Are you hearing- or listening?

Sudden hearing loss can be terrifying. I know – I’ve been there.

During the pandemic, I had three bouts of Covid-19. During each of these, my hearing deteriorated noticeably and irreversibly. The impact of this affected my confidence, both personally and professionally, and I felt myself starting to withdraw from certain conversations and social situations.

My story has a happy ending. I now wear an NHS hearing aid whenever I need to – and revel in the amazing benefits of its technology. And I now regularly marvel at the great work done by The Royal National Institute for Deaf People and others in creating awareness around hearing loss.

In the process I’ve discovered, to my surprise, that I’m actually one of many – 1 in 5 UK adults, according to the RNID are deaf, have hearing loss or tinnitus.

In my work, as I’m sure in yours, listening is rather important. For example, when we develop content audits, strategies and thought leadership for our clients, it all begins by listening very carefully to what they have to say, to help them find answers. And listening was difficult, I discovered, when I couldn’t hear.

My earlier listening journey had been a gradual one. When I was a magazine editor a few years back, I interviewed people, asked questions and heard their answers. I thought that meant I was a good listener, but I wasn’t.

It was only when I moved into consultancy that I realised that I hadn’t been listening at all. I had only really been listening selectively, for the headline or the key quote that I needed to make the story work.

Listening is truly paying attention to what someone says, showing empathy and then building on it in a way that adds value and makes sense to them.
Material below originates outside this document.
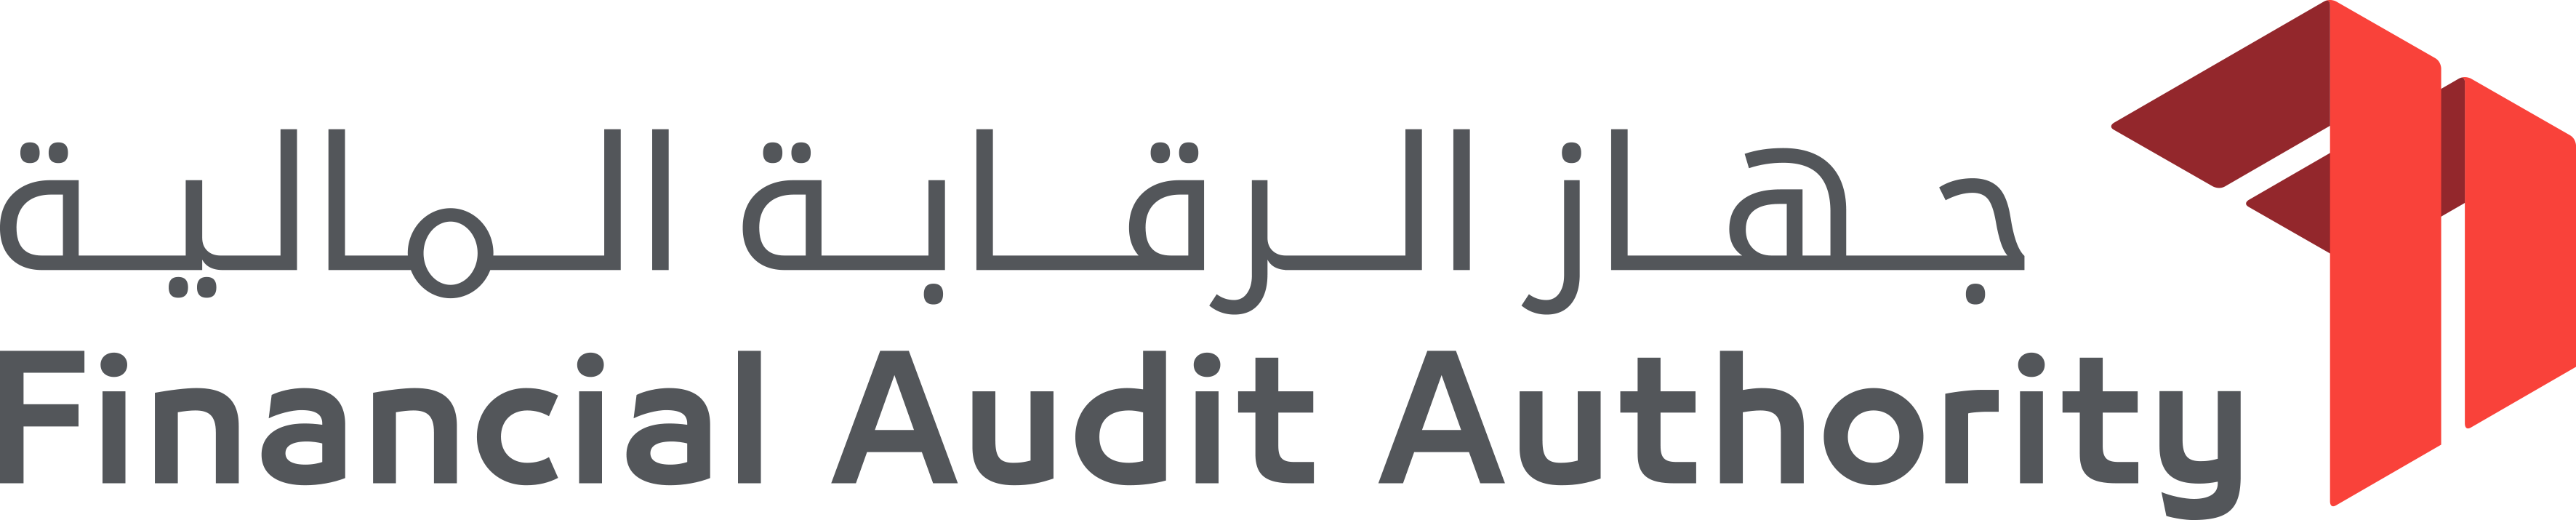 Financial Audit Authority 
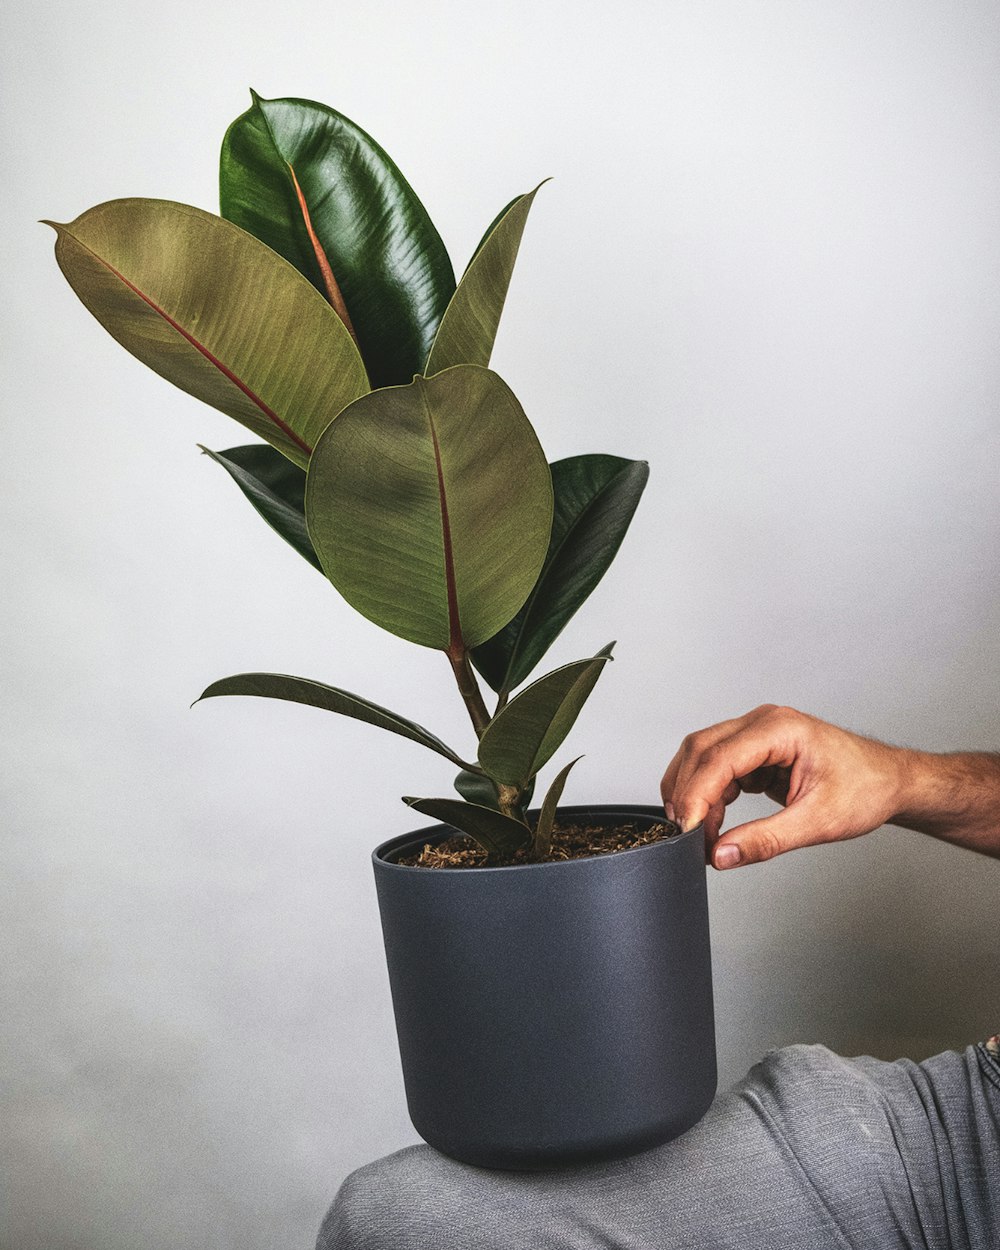 person holding green plant on black pot

Listening helps us to come up with better answers, build networks and relationships.

It was only when I couldn’t hear, that I truly realised how important listening is.

So my message to anyone who thinks they are experiencing hearing loss, even if they think it’s mild, part of getting older or they don’t want to “make a fuss”, is not to delay and suffer in silence (as I did at first, quite literally).

Do something about it. Hearing loss really affects how you think and feel inside, as well as understanding what’s going on outside. So go and get yourself checked out.